The highest ever price paid for water in Australia was recorded in northern NSW this week when a farmer forked out more than $1800 for the rights to one megalitre of water. This is the equivalent of an Olympic swimming pool.

It takes six megalitres of water to grow just 1ha of cotton and 15 megalitres for a hectare of rice.

Experts claim water is the fastest appreciating asset in the bush, with water entitlements now offering some farmers rivers of gold.

Another sale of water near Moree saw $352,000 paid for 207 megalitres, a megalitre being one million litres.

Both sales were for water entitlements, giving the buyer the right to use that amount of water each year.

They may not even get to use their full entitlement if water levels are low and the allocation is restricted by authorities.

A trading platform is now also operating where farmers can buy or sell single-use parcels of water.

One-off prices are now at around $160 a megalitre in the most drought prone areas. A year ago they hovered between $25 and $50 a megalitre.

This scheme usually involves farmers trading small amounts to augment their supplies.

Moree water broker Bruce Gunning said the drought had pushed water to its highest ever levels. "Irrigators cannot afford to pay that sort of price for every megalitre," he said. "It is the highest ever paid on the border river system.
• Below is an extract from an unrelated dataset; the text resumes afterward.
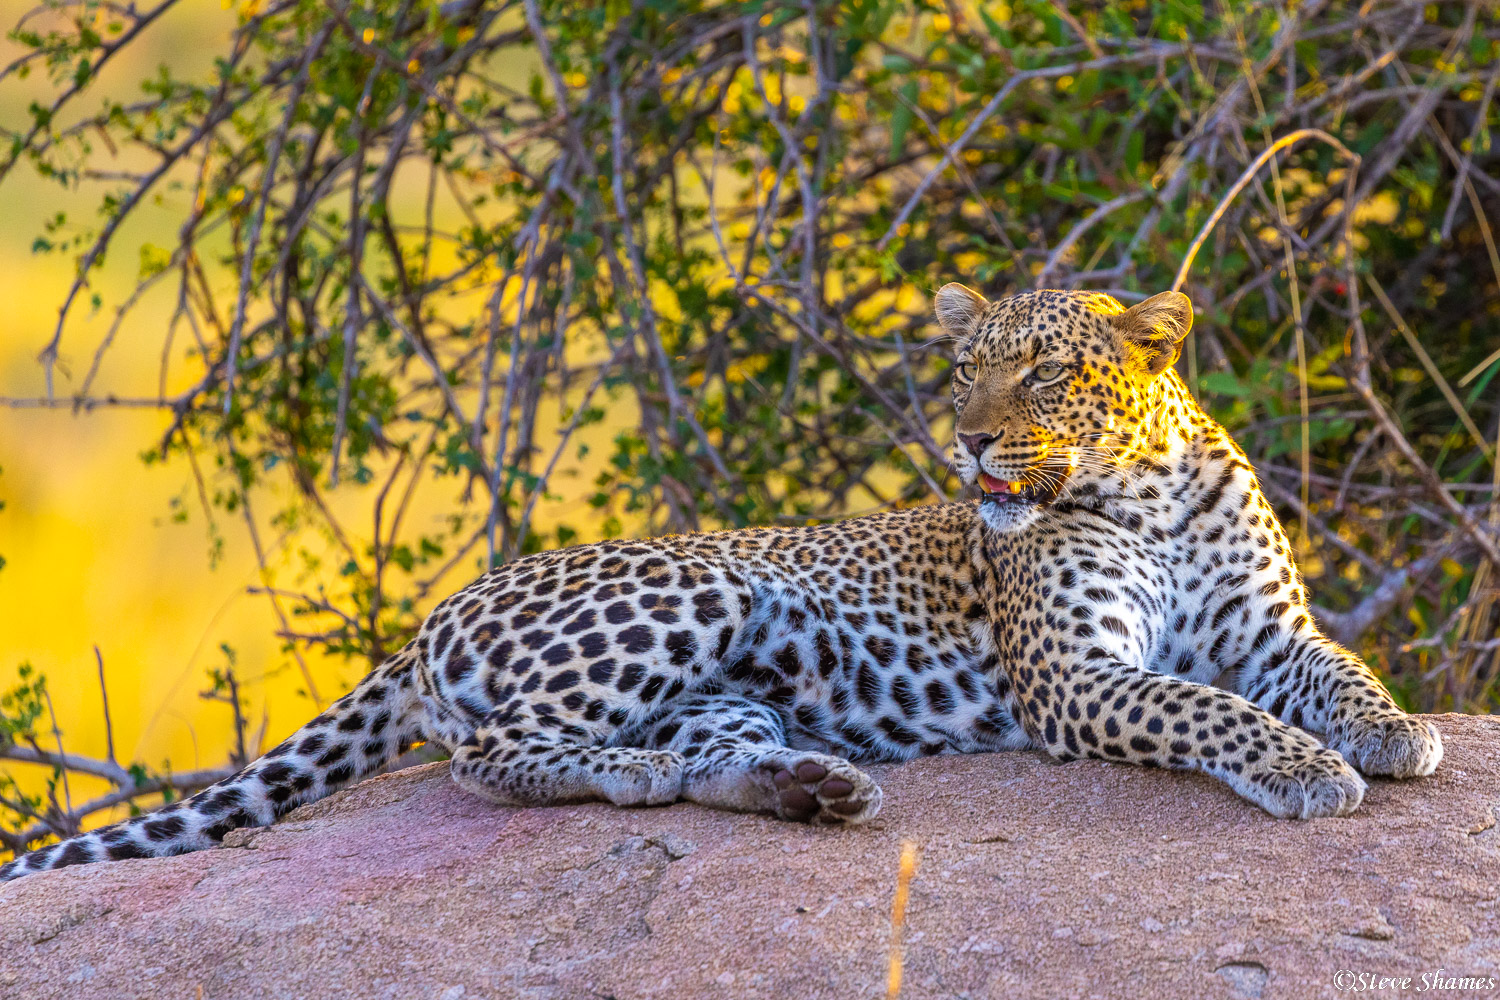 Leopard on a rock in the Serengeti.

The drought is pushing the prices up, the scarcity of water is pushing them up.

"It is the fastest appreciating asset in rural NSW but if it rains the price will come down."

Some farmers are now buying water entitlements and reselling them at higher prices, much like investors on the stock market.

Gunning said it would have been more profitable 10 years ago to buy an irrigation licence than to buy the farm itself. He claimed that an irrigation entitlement for 972 megalitres worth $150,000 in 1980 was worth more than $1.5 million today.

"There are a lot of rich people around but there are also a lot of poor people," Gunning said. "There are very high rewards for good operators."

The Water Management Act 2000 due to come into effect soon will mean irrigation licences will be detached from the land on which they were first issued. This means these licences will also be available to be traded.